Beautiful people in a sparkling cool bubble, floating above the street – the image on a highway billboard says it all. Jakarta likes to see the world from an air-conditioned glass cocoon. When the traffic hits in the evening, a car can take an hour to cover 2km. Walking would be faster. But people like their bubbles.

I’m not used to this version of Indo, which I saw in my previous life as a backpacker. This is a country where a supermarket is often a luxury concept. Ditto fridges. You get your food from the local market and cook it up, or eat something hot from a street stall. A motorbike is a heavy vehicle. So is a bicycle, sometimes.

Our big adventure today is to escape the glass bubble by walking home from the mall, the biggest air conditioned oasis of them all.

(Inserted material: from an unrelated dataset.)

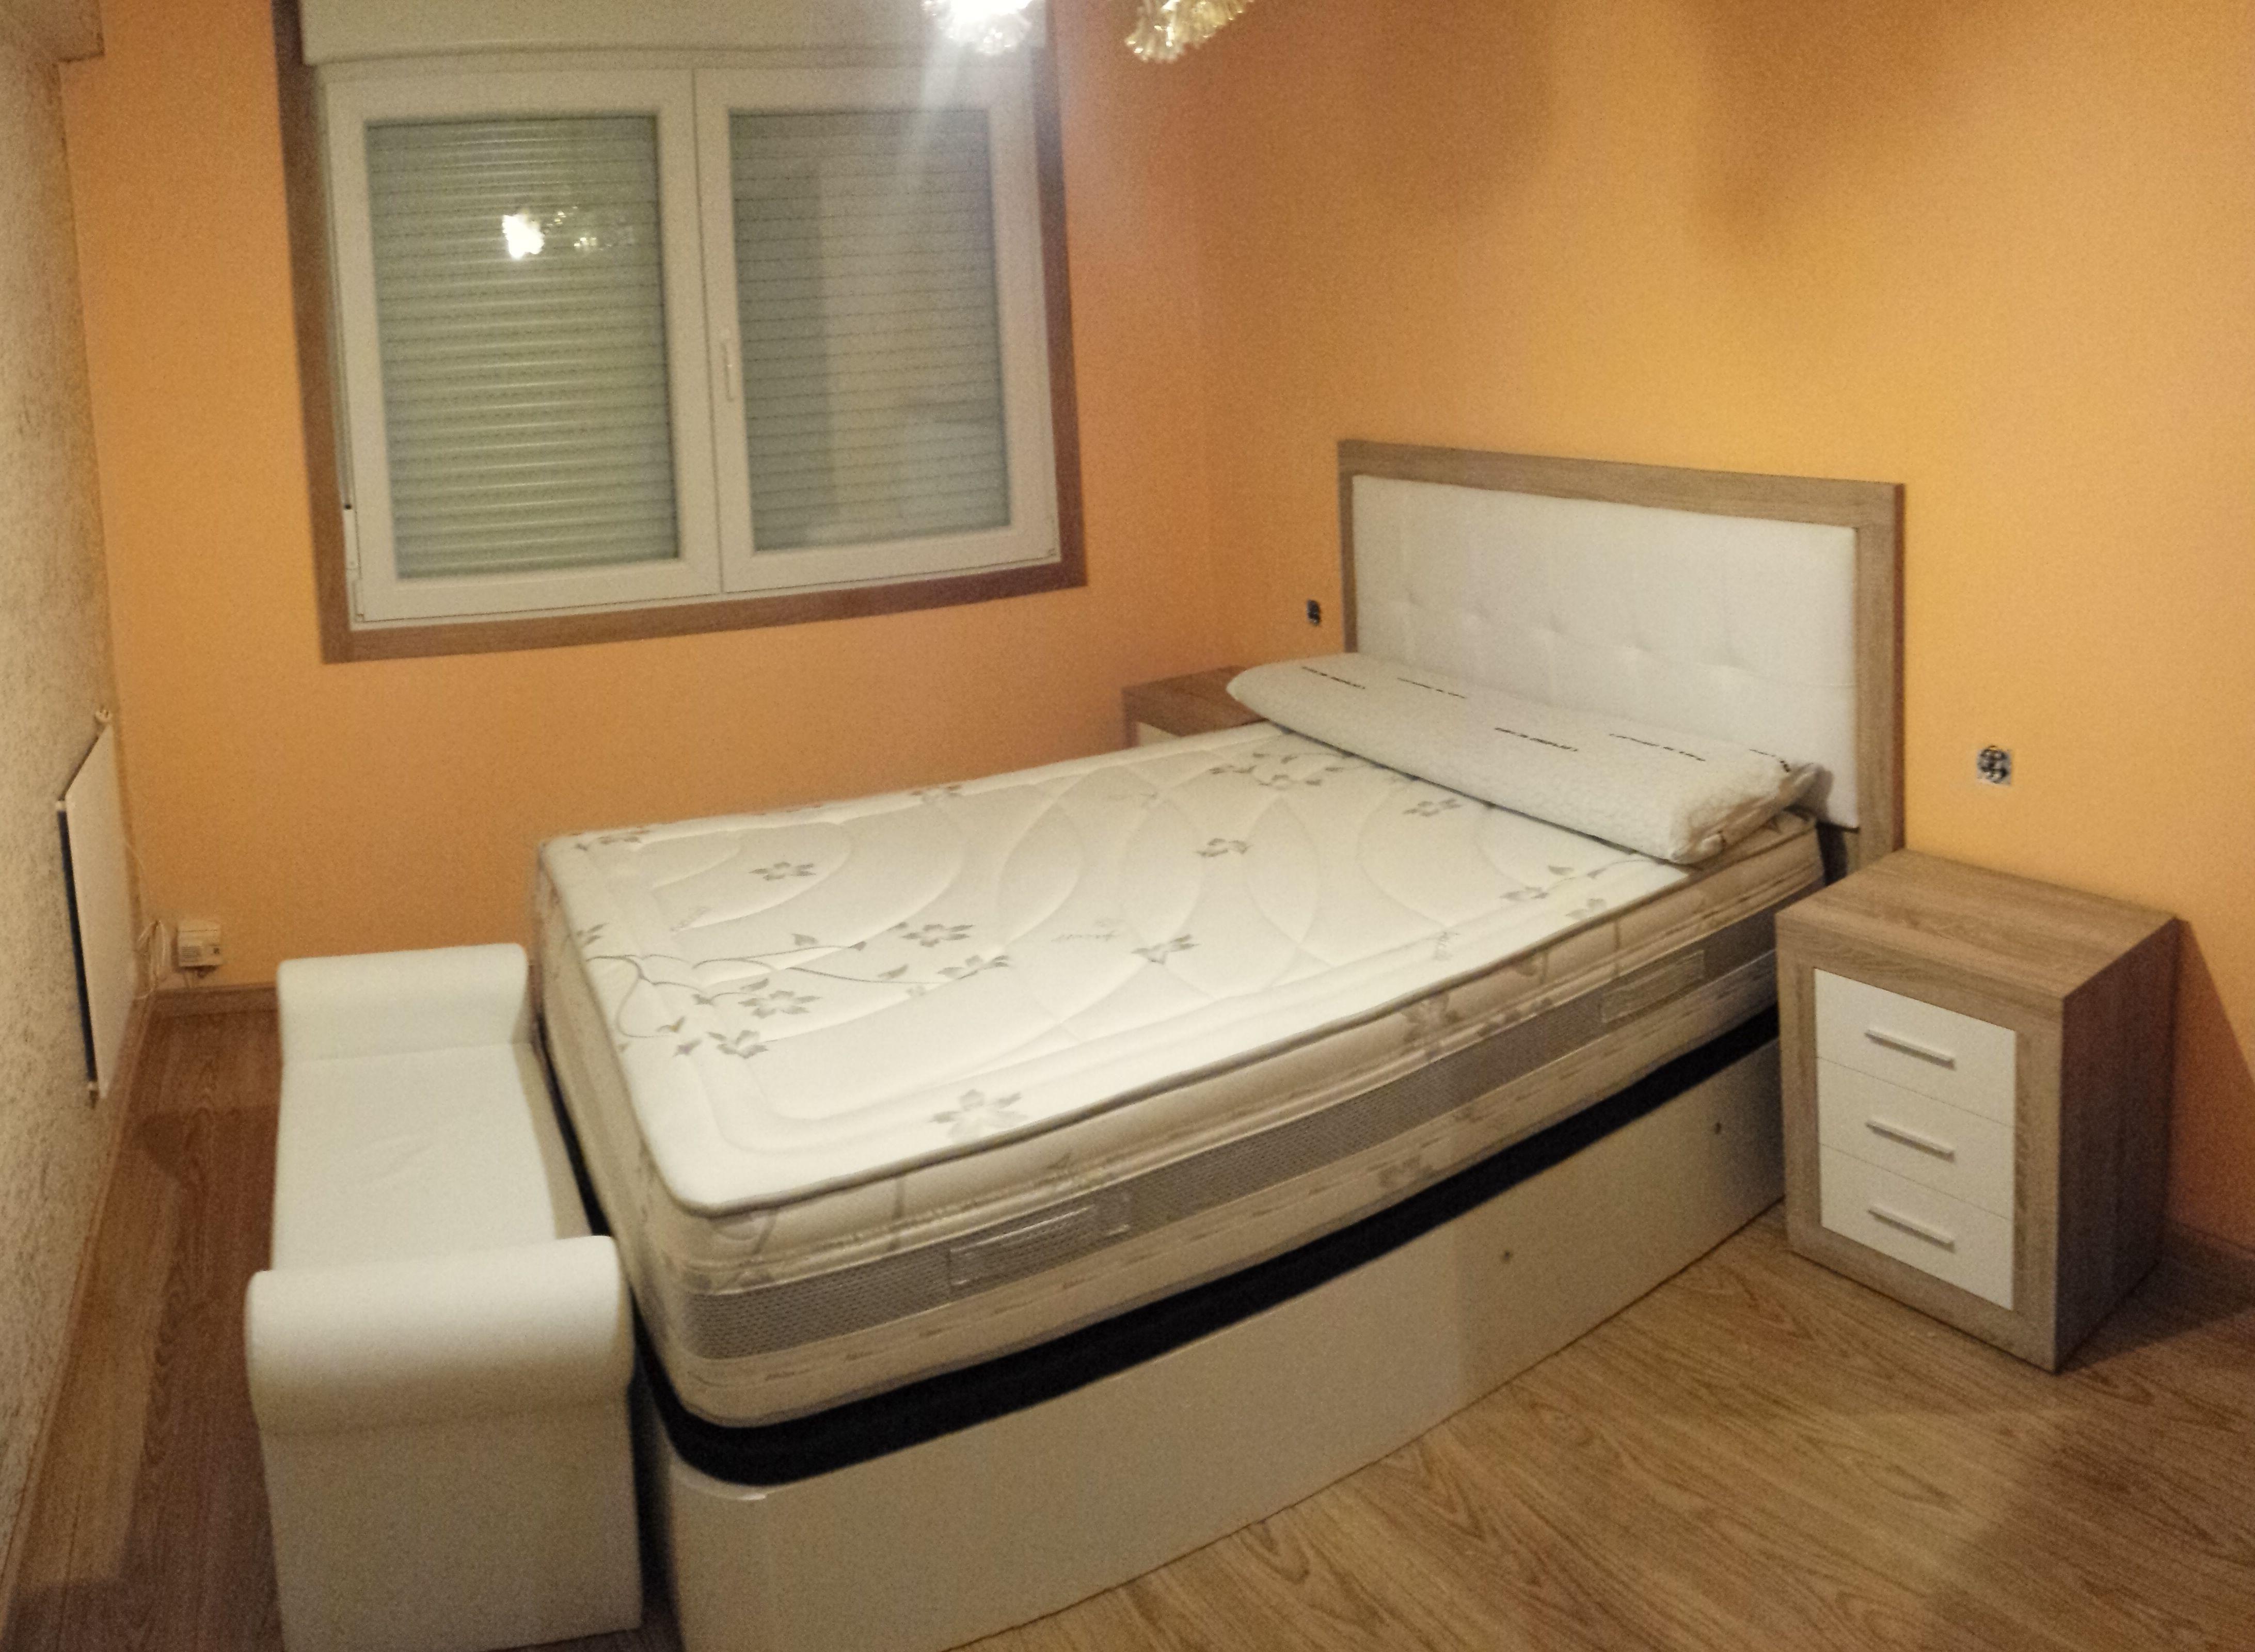 Semicl sico o semimoderno cabezal con acolchado en for Cabezal cama acolchado

The tampons were horrendously hard to find at the supermarket – a luxury item even for the luxury concept – and are shrinkwrapped like electronic equipment. I also have two new books on southeast Asian politics, also shrinkwrapped. The Thai one, only a few months old, is a scathing commentary against the current regime. The author must nearly be wetting himself at his highly auspicious timing of publication, with the world media spotlight on redshirts and teargas in the capital. A local shuttlevan speeds past, people on the roof, people hanging off the sides, everyone in fluoro orange shirts waving the Indonesian flag and shouting slogans. Some sort of rally just like in Thailand… forget courage in the face of political oppression, I’m more impressed by their courage in the face of near death from falling off. Further down the road, we catch up with them standing outside the stadium, still shouting slogans that turn out to be directed at their soccer team. So much for Indo as a hotbed of political turmoil. It seems that people will only take to the streets for sport.